Tomato, Edamame, and Corn Sauté with Cumin and Cilantro

Tomato, Edamame, and Corn Sauté with Cumin and Cilantro
Tomato, Edamame, and Corn Sauté with Cumin and Cilantro
A colorful and delicious side dish reminiscent of succotash.
  • Preparing Time: -
  • Total Time: -
  • Served Person: Makes 6 (side-dish) servings
Bean Herb Soy Tomato Vegetable Side Sauté Vegetarian Corn Summer Vegan Cilantro Bon Appétit Pescatarian Dairy Free Wheat/Gluten-Free Peanut Free Tree Nut Free No Sugar Added Kosher
  • 1 tablespoon vegetable oil
  • 2 tablespoons chopped fresh cilantro
  • 1 cup frozen corn kernels
  • 3/4 cup finely chopped onion
  • 1 3/4 teaspoons ground cumin
  • 1 garlic clove, minced
  • 1 14 1/2-ounce can diced tomatoes in juice

Tomato, Edamame, and Corn Sauté: A Burst of Flavor in Every Bite

As a busy working mom, finding time to cook healthy and delicious meals can feel like a Herculean task. Weeknights are a whirlwind of school pick-ups, homework help, and the ever-present to-do list. But I've learned that even amidst the chaos, a simple, flavorful meal can bring a sense of calm and nourish both body and soul. This Tomato, Edamame, and Corn Sauté is one of those recipes – quick, easy, and surprisingly satisfying.

The inspiration struck during a recent trip to the farmer's market. The vibrant colors of the fresh corn and tomatoes, combined with the promise of the earthy cumin, just called out to me. I envisioned a side dish that was not only healthy but also visually appealing—something to brighten up even the most rushed of weeknight dinners. And let me tell you, it did not disappoint! The sweetness of the corn and tomatoes perfectly complements the subtle earthiness of the cumin and the freshness of the cilantro. The edamame adds a nice textural element and a boost of protein, making this dish a complete little package of goodness.

This recipe is so incredibly versatile. Feel free to adjust it to your liking. Add a pinch of red pepper flakes for a little heat, or substitute other beans for the edamame. The beauty of this dish lies in its simplicity—it's a blank canvas for your culinary creativity. I often add a squeeze of lime juice at the end for a zesty kick, or serve it alongside grilled chicken or fish for a more substantial meal. You can even prepare it ahead of time and reheat it—it's just as delicious the next day!

The best part? This recipe takes less than 20 minutes to prepare. That's a huge win in my book! On busy nights, I'll often prep the ingredients earlier in the day or even the night before. This makes weeknight cooking a breeze. The simple act of chopping the vegetables, a small act of mindfulness, is a nice way to de-stress after a long day. And the process of preparing and cooking itself is a therapeutic escape from the routine.

So, next time you're looking for a healthy, quick, and flavourful side dish, give this Tomato, Edamame, and Corn Sauté a try.
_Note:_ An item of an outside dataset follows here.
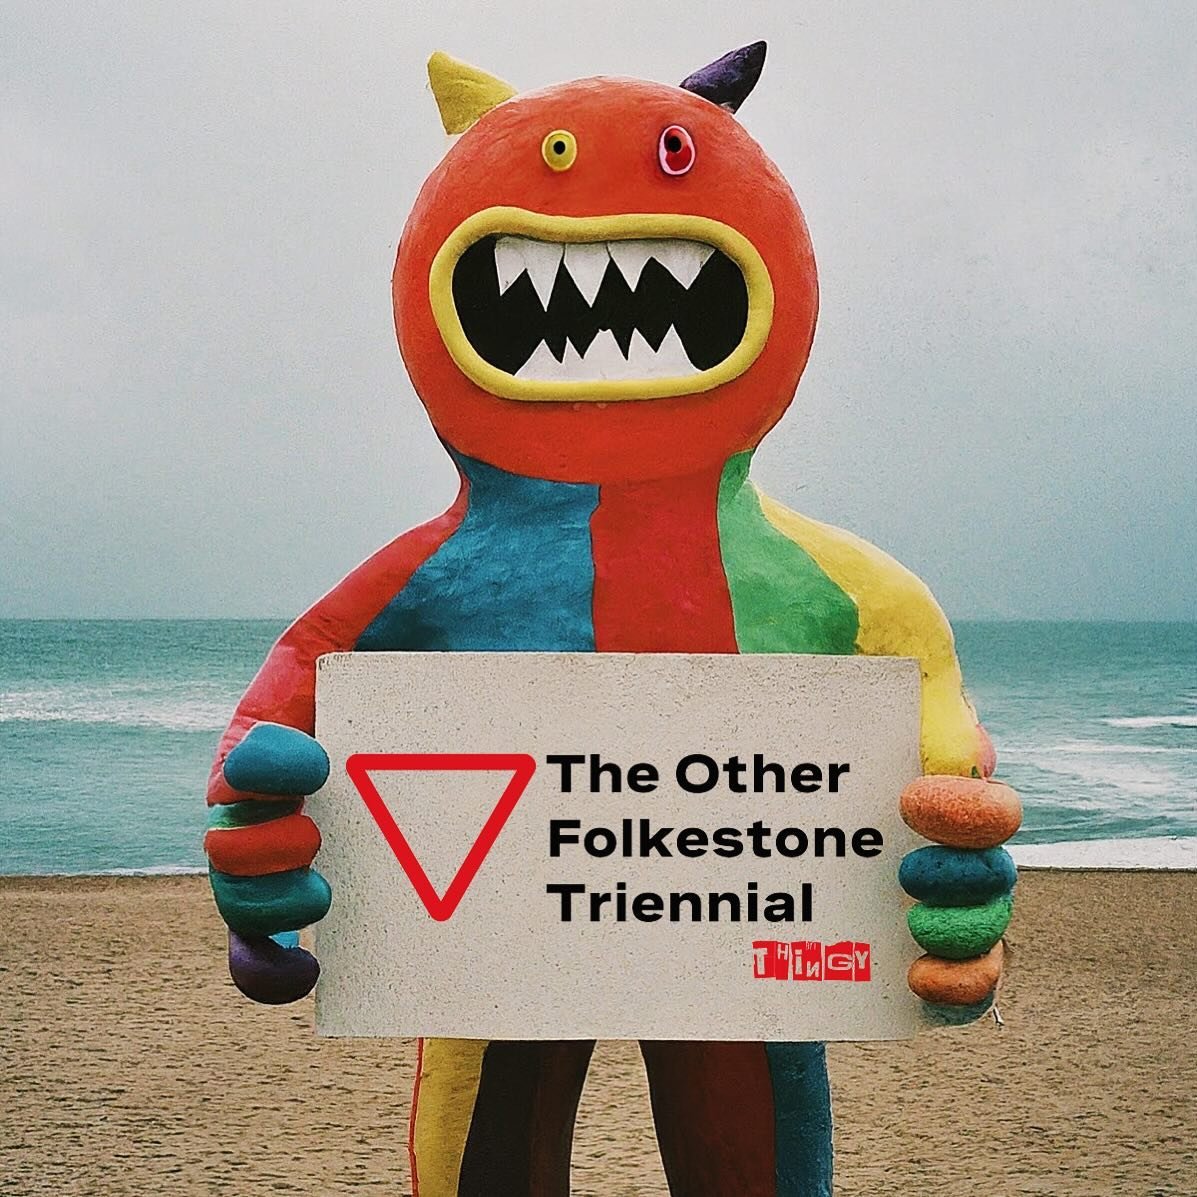 Good Morning! 

#theotherfolkestonetriennial is on the loose in the widest, weirdest and most colourful possible connotations known to humankind. It appears ideas, conversations and rumours are already running amuck so I think it&rsquo;s about time w

It's a delightful explosion of taste and color that will elevate any meal, reminding you that even the simplest recipes can bring immense joy and satisfaction. It's more than just a side dish; it's a celebration of fresh ingredients and a small victory in the pursuit of a balanced and happy life. I can confidently say, without reservation, this recipe is one to become a regular in your cooking repertoire.

Beyond the recipe: The preparation of this dish is a reminder of the importance of slowing down amidst the chaos. The rhythmic chopping, the gentle sautéing, and the vibrant colors transforming in the pan are moments of mindfulness, offering a welcome respite from the daily demands of life. And the shared meal, surrounded by family, amplifies this experience. It's a simple act, but a powerful one – a testament to the power of food to connect us, nourish us, and bring joy to our lives.

Step-by-step

    • Heat oil in large nonstick skillet over medium-high heat.
    • Add onion; sauté until golden, about 5 minutes.
    • Add cumin and garlic; stir 1 minute.
    • Add tomatoes with their juices; bring to boil.
    • Reduce heat to medium and cook until most liquid has cooked away, about 5 minutes.
    • Stir in edamame, corn, and broth.
    • Simmer until most broth is absorbed, about 6 minutes.
    • Season with salt and pepper.
    • Transfer to bowl.
    • Sprinkle with cilantro and serve.